MAHMOOD FAZAL: The inspector ordered Tammi to destroy the salami still on her property.

TAMMI JONAS: And I said, you know, like this is a pig and a half worth of meat. So yeah, she made me I kind of I climbed the ladder and pulled the salamis down one by one and Stewart put them into a tub, and then she put what she called condemnation ink. It’s this bright blue poison. And on all of them, we said, you know, can we take them into our house? Could we feed them to our dogs? No, she wouldn’t even let us feed them to the dogs. Like she insisted that we throw them in the thing and that she destroyed them. That was pretty horrendous.

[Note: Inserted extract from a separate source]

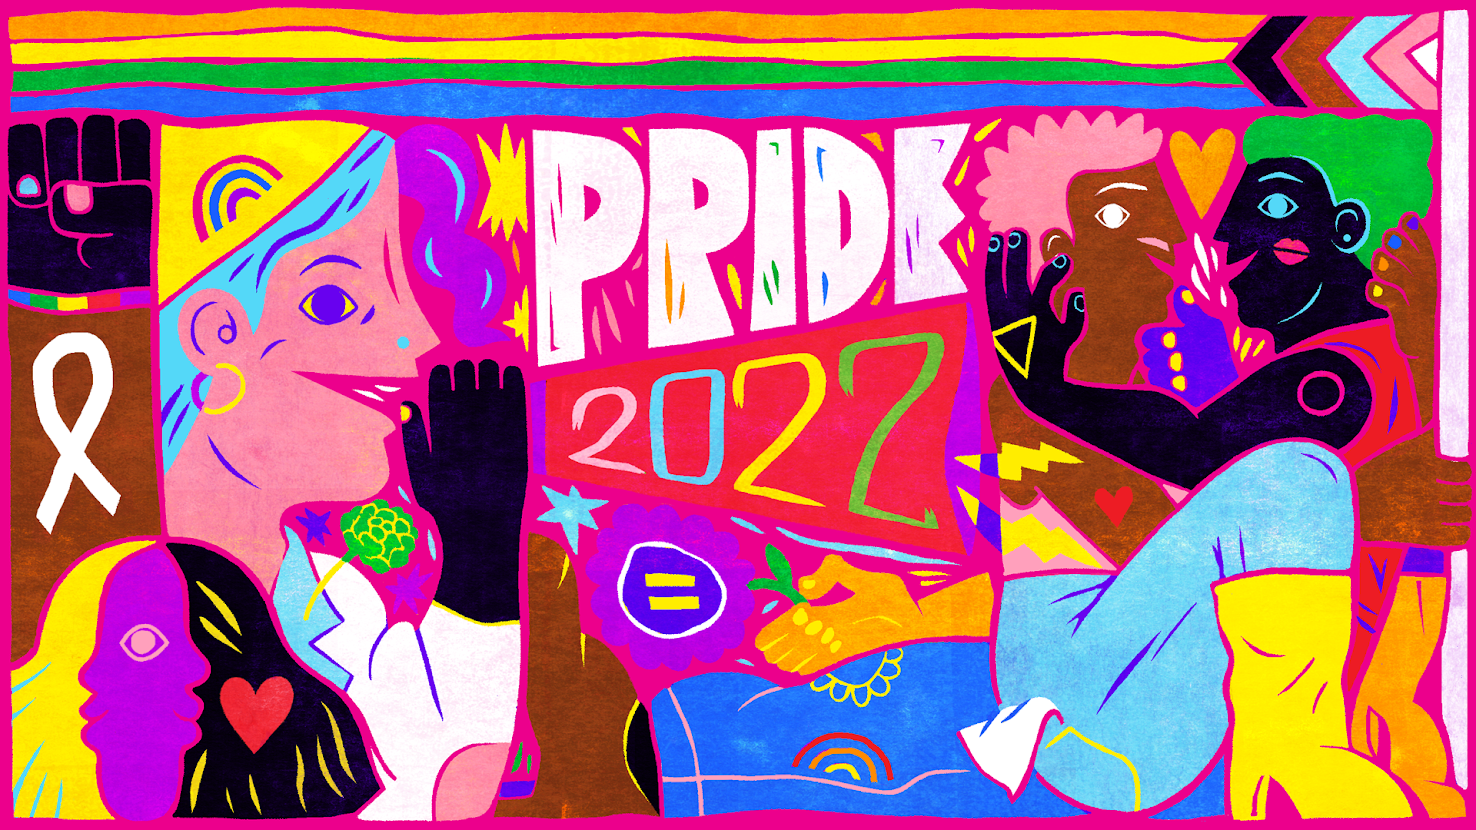 buzzfeed pride graphic

MAHMOOD FAZAL: For a small scale producer whose business was built on principles of sustainability… It felt like an incredible waste.

TAMMI JONAS: our whole life is about growing animals properly and taking their lives for nourishment for people. We never signed up to throw things away. We’re the opposite here. Everything is recycled, you know, all nutrient is captured and used in the system. And by putting poison on that meat in particular, we couldn’t even keep it as some form of nutrients like it now had to go to a rendering plant.

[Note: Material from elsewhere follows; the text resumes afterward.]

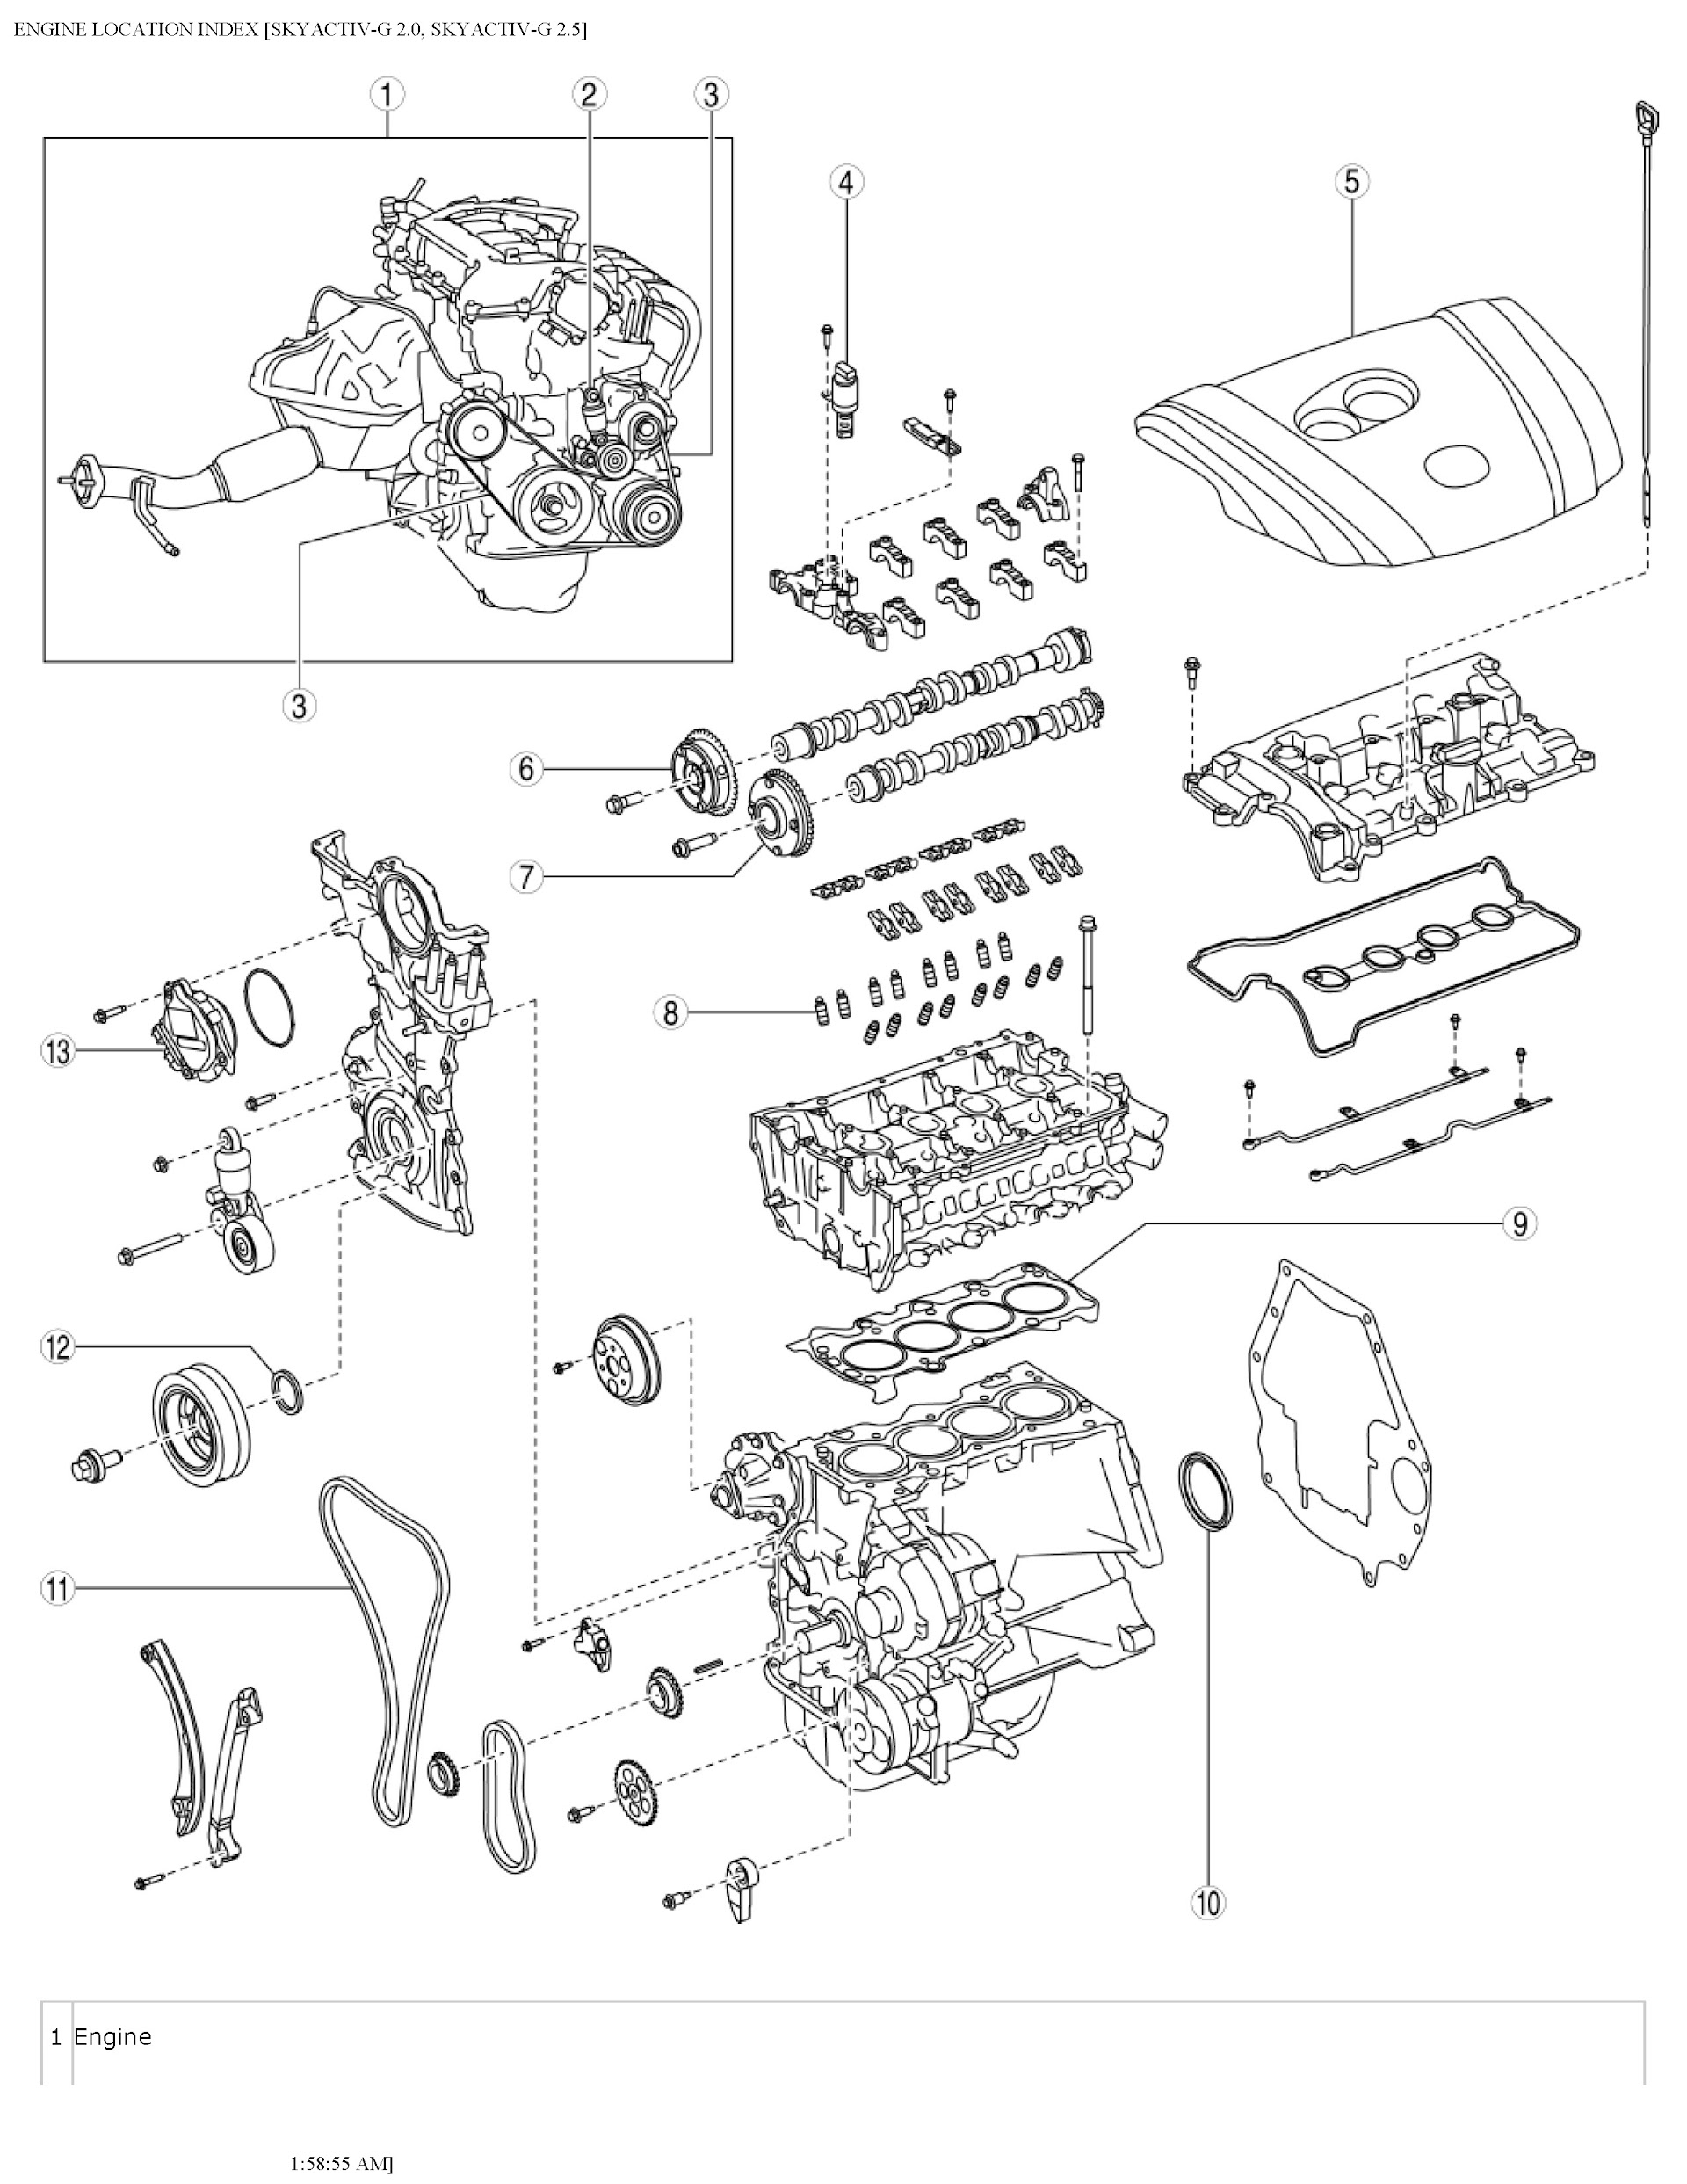 Download 2014 Mazda 3 Service Repair Manual.

MAHMOOD FAZAL: Tammi says the inspector left her with a final word.

TAMMI JONAS: the inspector on that day when they came and destroyed all the salamis said There’s somebody in the industry who doesn’t like you. And we were like, what? Little old us? We just started what’s not to like.

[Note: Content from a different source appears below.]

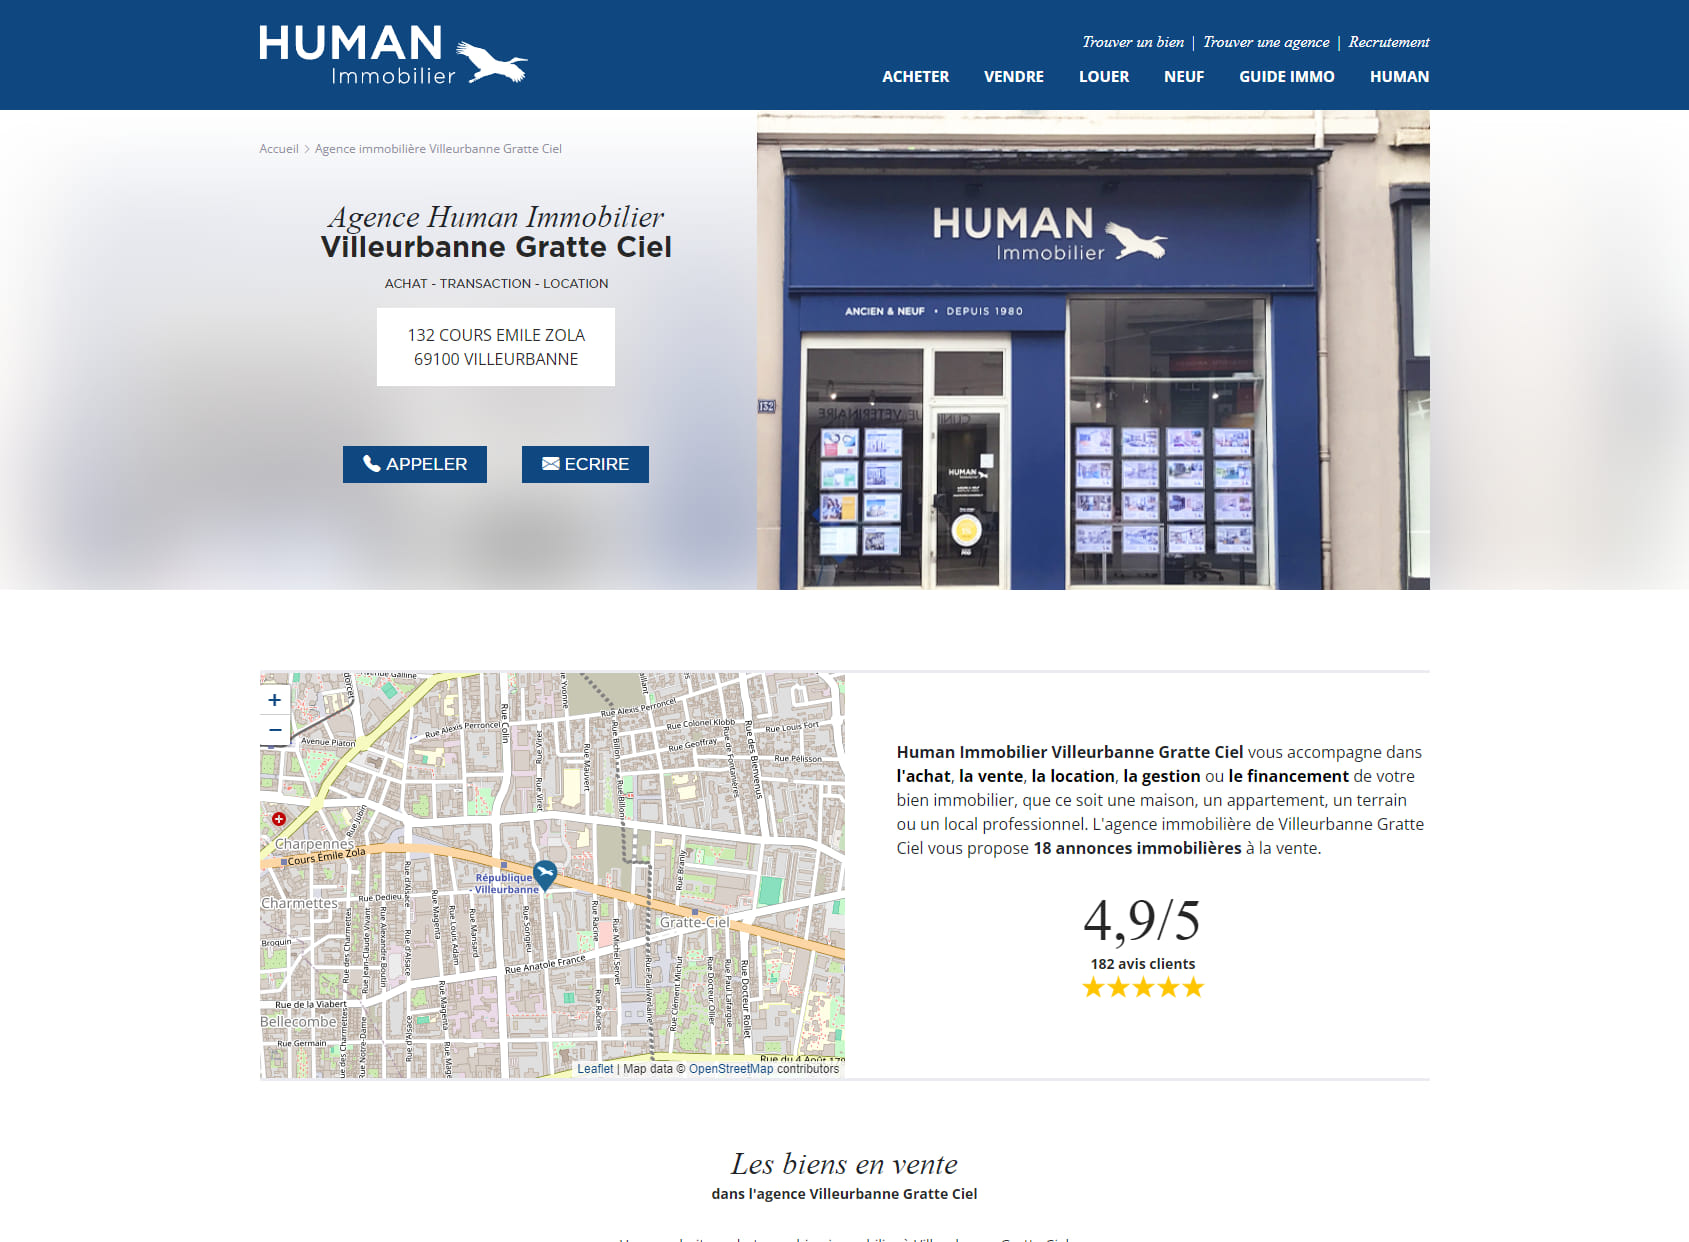 Human Immobilier Villeurbanne Gratte-Ciel

MAHMOOD FAZAL: Tammi can’t be sure who the inspector was talking about… or why they might have it in for her and her business.

Tammi says she understands why people producing meat need to adhere to a set of established standards.

But in her view.. it just doesn’t make sense for the regulator to treat small scale producers the same way they treat the industry’s biggest players
TAMMI JONAS: sure, the risk in the contamination of a meat product is like in theory, the same. Like if you touch a hand with something that’s got listeria, salmonella, e coli, and then you take that ham and you eat that, the risk to use the same of getting sick. The differences in our systems, like literally one person manages this ham all the way from brining to smoking to packing to you. So one person has a quality eye across the entire system and you bought it from me. If you get sick, you know what made you sick and you actually know me. And you can tell me that my food made you sick. And if it was a batch of something, my batch had 30 little nuggets of ham in it, you know, like that I’m wrapping here today, not 3000, so I didn’t make 3000 people sick. So the scale of consequences for my system is lower, but also the risk of you getting sick from it, I think is it’s incontrovertibly lower when you have one person or two people managing the whole system

MAHMOOD FAZAL: In the past year, JBS, the world’s largest meat company, bought out Tammi’s local abattoir.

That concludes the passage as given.